In the FTIR spectrum of 28-homobrassinolide-Si-NPs, the broad and a strong peak at 1080.9 cm−1 was due to the S=O stretching vibrations and two simultaneous peaks at 648.6 and 998.9 cm−1 were caused by the weak O–Si–O and strong C=C bending vibrations, respectively96. In the FTIR spectrum of 28-homobrassinolide-Ca-NPs, a strong peak at 1628.8 cm−1 showed the stretching vibrations of C=O bond, and a pair of peaks at 1423.8 and 1483.5 cm−1 were due to the combined effects of stretching vibrations of strong Ca–O bond and strong bending vibrations of –OH groups. In addition, two individual peaks at 883.4 and 1110.7 cm−1 were due to the weak Ca–O bond and strong C–O stretching vibrations97. In the FTIR spectrum of 28-homobrassinolide-Zn-NPs, five individual peaks at 451, 667.2, 745.5, 872.2 and 1084.7 cm−1 were due to the strong ZnO bond, C=C bending vibrations and stretching and bending vibrations of \({{\text{SO}}}_{4}^{-2}\) ions89.
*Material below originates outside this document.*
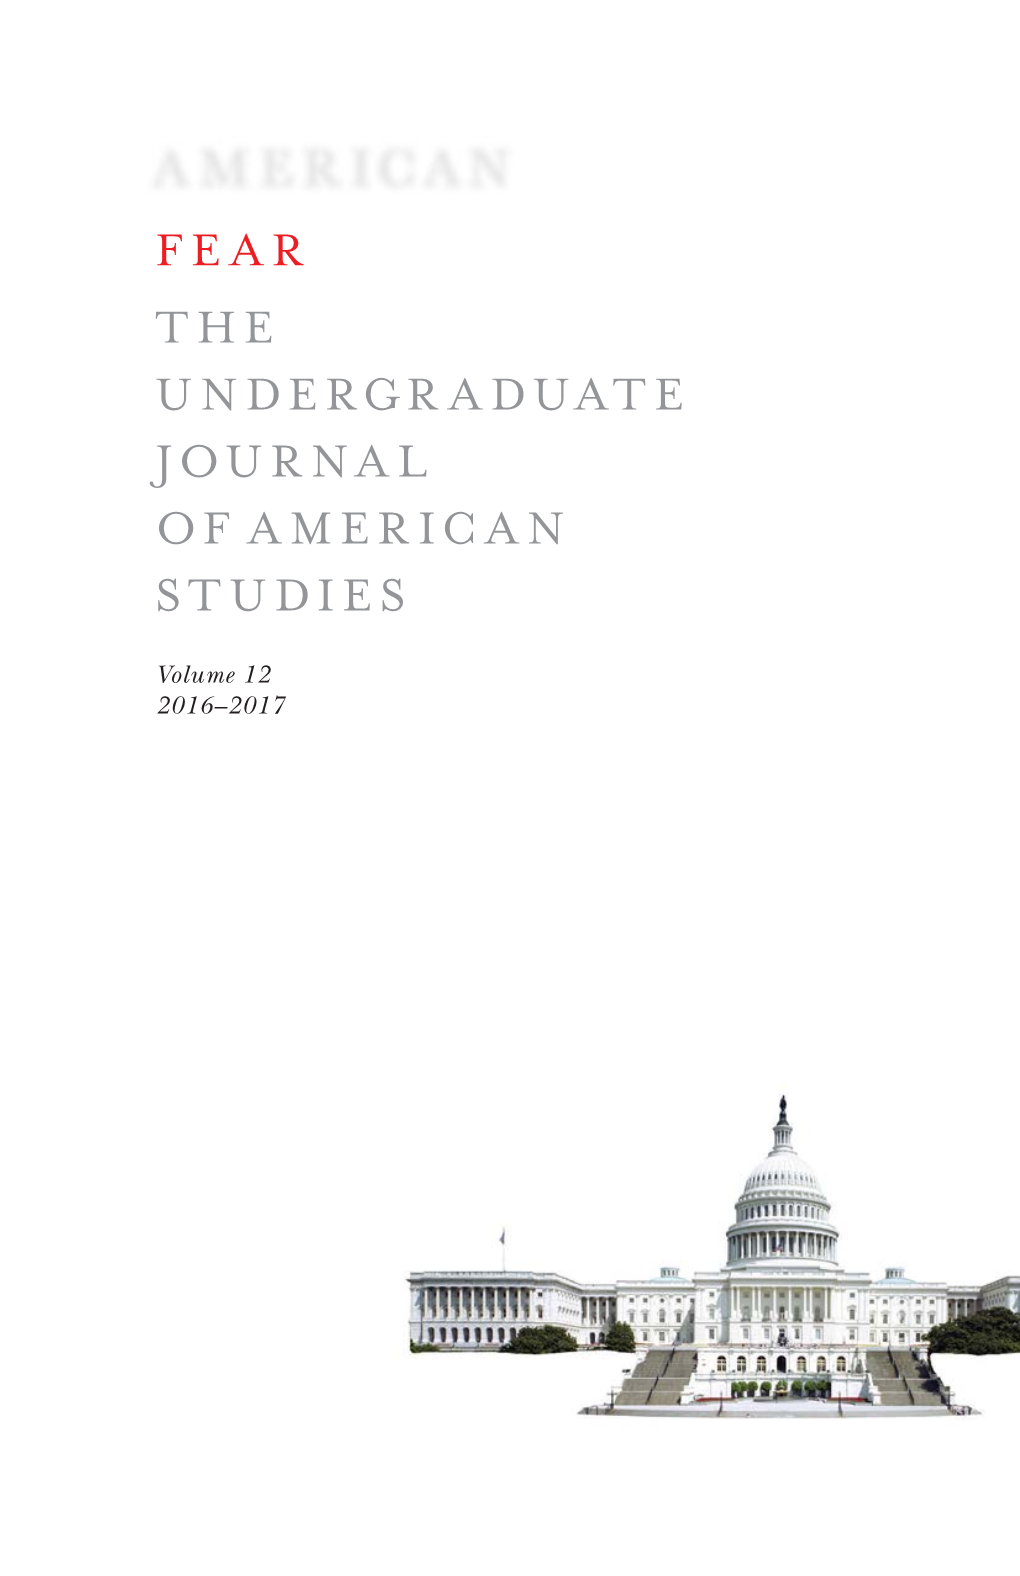 Fear the Undergraduate Journal of American Studies

In the FTIR spectrum of ethephon, five sharp, weak and simultaneous peaks at 3000.5, 3213.0, 3309.9, 3406.8 and 3526.1 cm−1 indicated the strong stretching vibrations of –OH groups, due to the presence of intra-molecularly bonded alcoholic functional groups. In the next portion, two weak and broad peaks at 2703.3 and 2914.8 cm−1 were caused by the –OH and C–H stretching vibrations. Just before the fingerprint region of FTIR spectrum, the broad and strong peak at 1654.9 cm−1, and sharp and weak peak at 1751.8 cm−1 were caused by the stretching vibrations of carbonyl groups. In the next portion, two sharp and strong peaks at 1438.8 and 1498.4 cm−1 were mainly attributed to the C–H bending vibrations, due to the presence of methylene functional groups. In this series, some multiple peaks at 1222.6, 1271.0, 1312.0 and 1386.6 cm−1 were due to the stretching vibrations of P–O and P=O, indicating the presence of phosphate functional groups. Some additional pointed and sharp peaks at 820.0, 719.4 and 752.9 cm−1 were caused by the strong stretching vibrations of C–Cl bonds. Similarly, some multiple peaks at 674.6, 868.5 and 987.7 cm−1, and 1021.3, 1056.0 and 1110.7 cm−1 were due to the C=C and C–H bending vibrations and C–O stretching vibrations, respectively98. In the FTIR spectra of ethephon based nano-formulations, only characteristic peaks are described in detail and rest of the peaks are according to the FTIR spectrum of ethephon.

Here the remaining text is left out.